Maulana Zafar Ali Khan was a most famous Urdu journalist in pre-partition India, being editor of the newspaper Zamindar, and a campaigner for Muslim political causes.

It has been said of him:

“… he was the father of Urdu journalism, … The Zamindar newspaper, when Zafar Ali Khan was the proprietor and editor, was the Urdu paper for the Muslims.”

(See this webpage. This is the opinion of Syed Amjad Ali, who held high state posts in Pakistan during 1947–1967, and was involved in pre-partition Muslim politics in the Punjab.)

Before 1920 Maulana Zafar Ali Khan had co-operated with Khwaja Kamal-ud-Din in some of the work of the Woking Muslim Mission in England. However, during the 1930s he turned against the Ahmadiyya Movement and waged a virulent campaign against it in his newspaper.

(For two examples of his anti-Ahmadiyya writings, see The Founder of the Ahmadiyya Movement, chapter 11 and chapter 12).
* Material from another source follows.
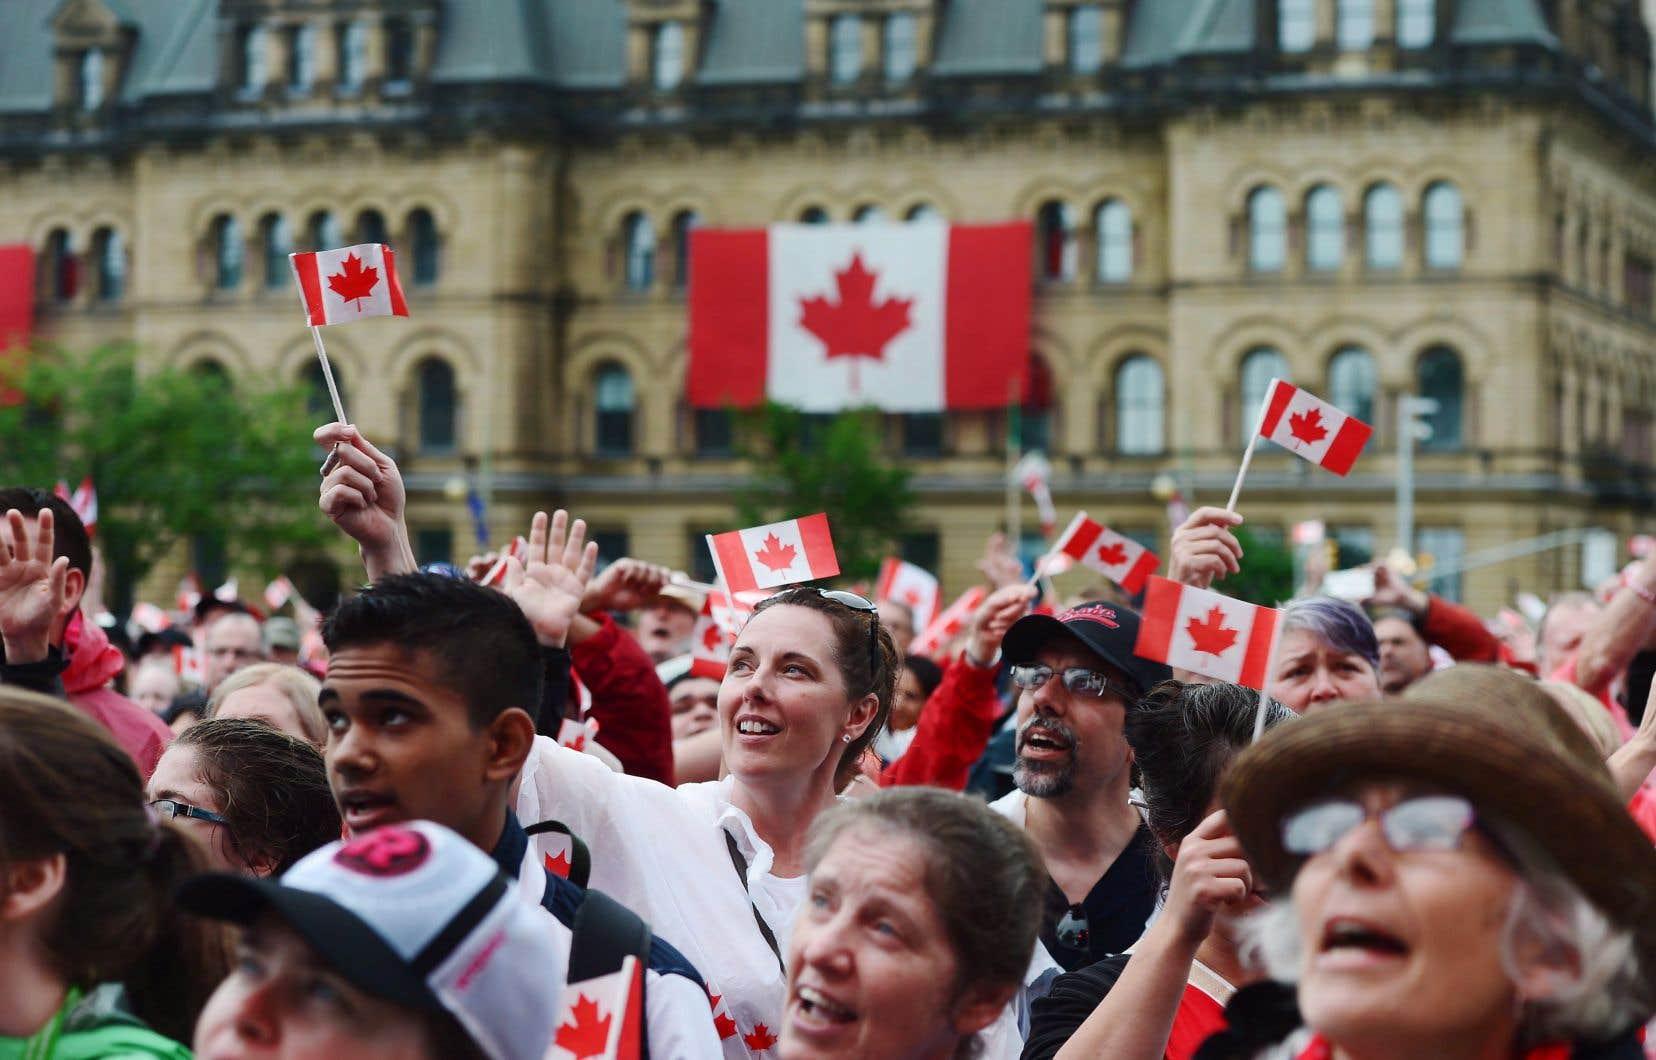 Des cérémonies et des spectacles sont prévus toute la journée à Ottawa, où Environnement Canada prévoit du temps chaud et ensolleillé.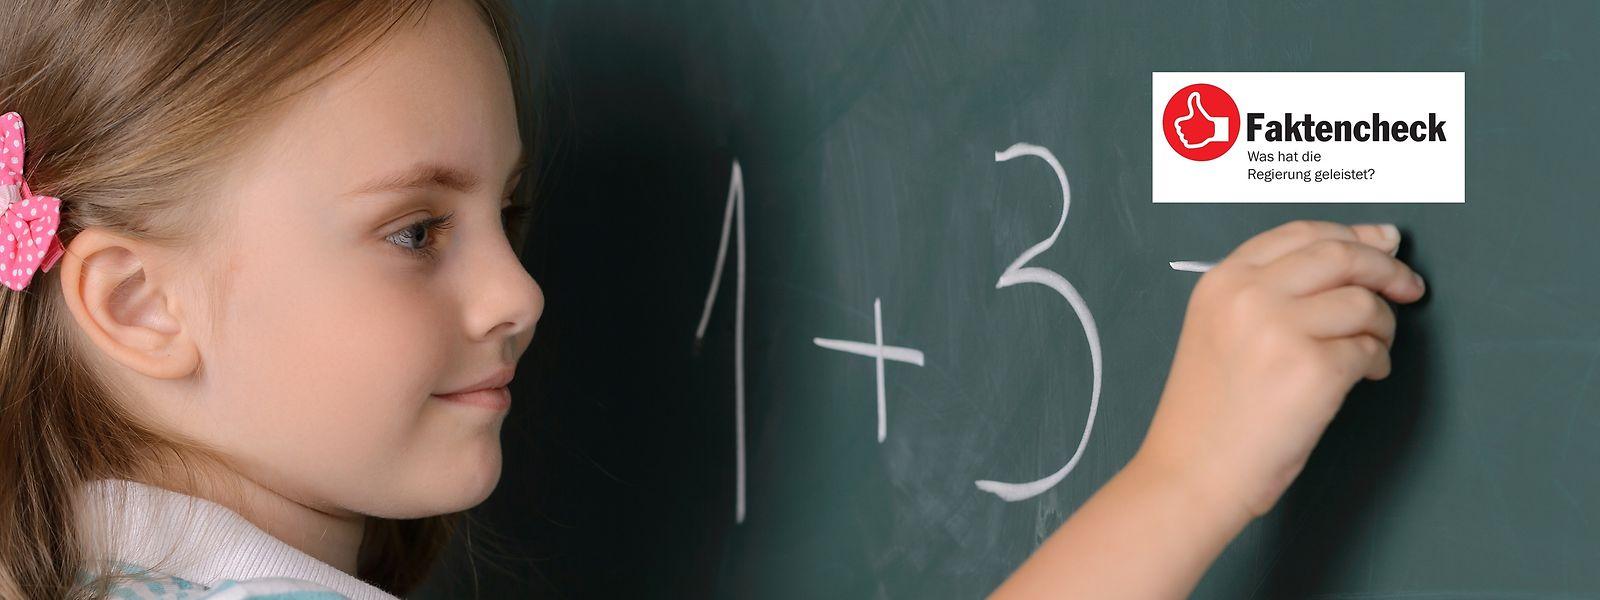 Im Bildungswesen wurden in den vergangenen fünf Jahren viele Reformen umgesetzt. Was sie bringen werden, ist noch unklar.

There is an article by Maulana Zafar Ali Khan in the very first issue of The Islamic Review dated February 1913, the monthly magazine started by Khwaja Kamal-ud-Din from Woking, England. The article is addressed to the British public and is on the topic of the sympathies of the Muslims of British India for the problems of their fellow Muslims in Islamic countries. The image of the first page of this article is displayed below.




Note that Maulana Zafar Ali Khan opens his statement above by describing himself as:

“a British Indian Muslim who has the proud privilege of looking upon the Empire … as a political structure in whose stability Musalmans [Muslims] are as much interested as Englishmen”

In the second paragraph he begins by saying that Indian Muslims look upon the British Government as:

a divine dispensation”,
in other words, sent and established by God!

He then goes on to add that Indian Muslims regard the British Government as:

“a tolerably fair substitute for a Muslim Government.”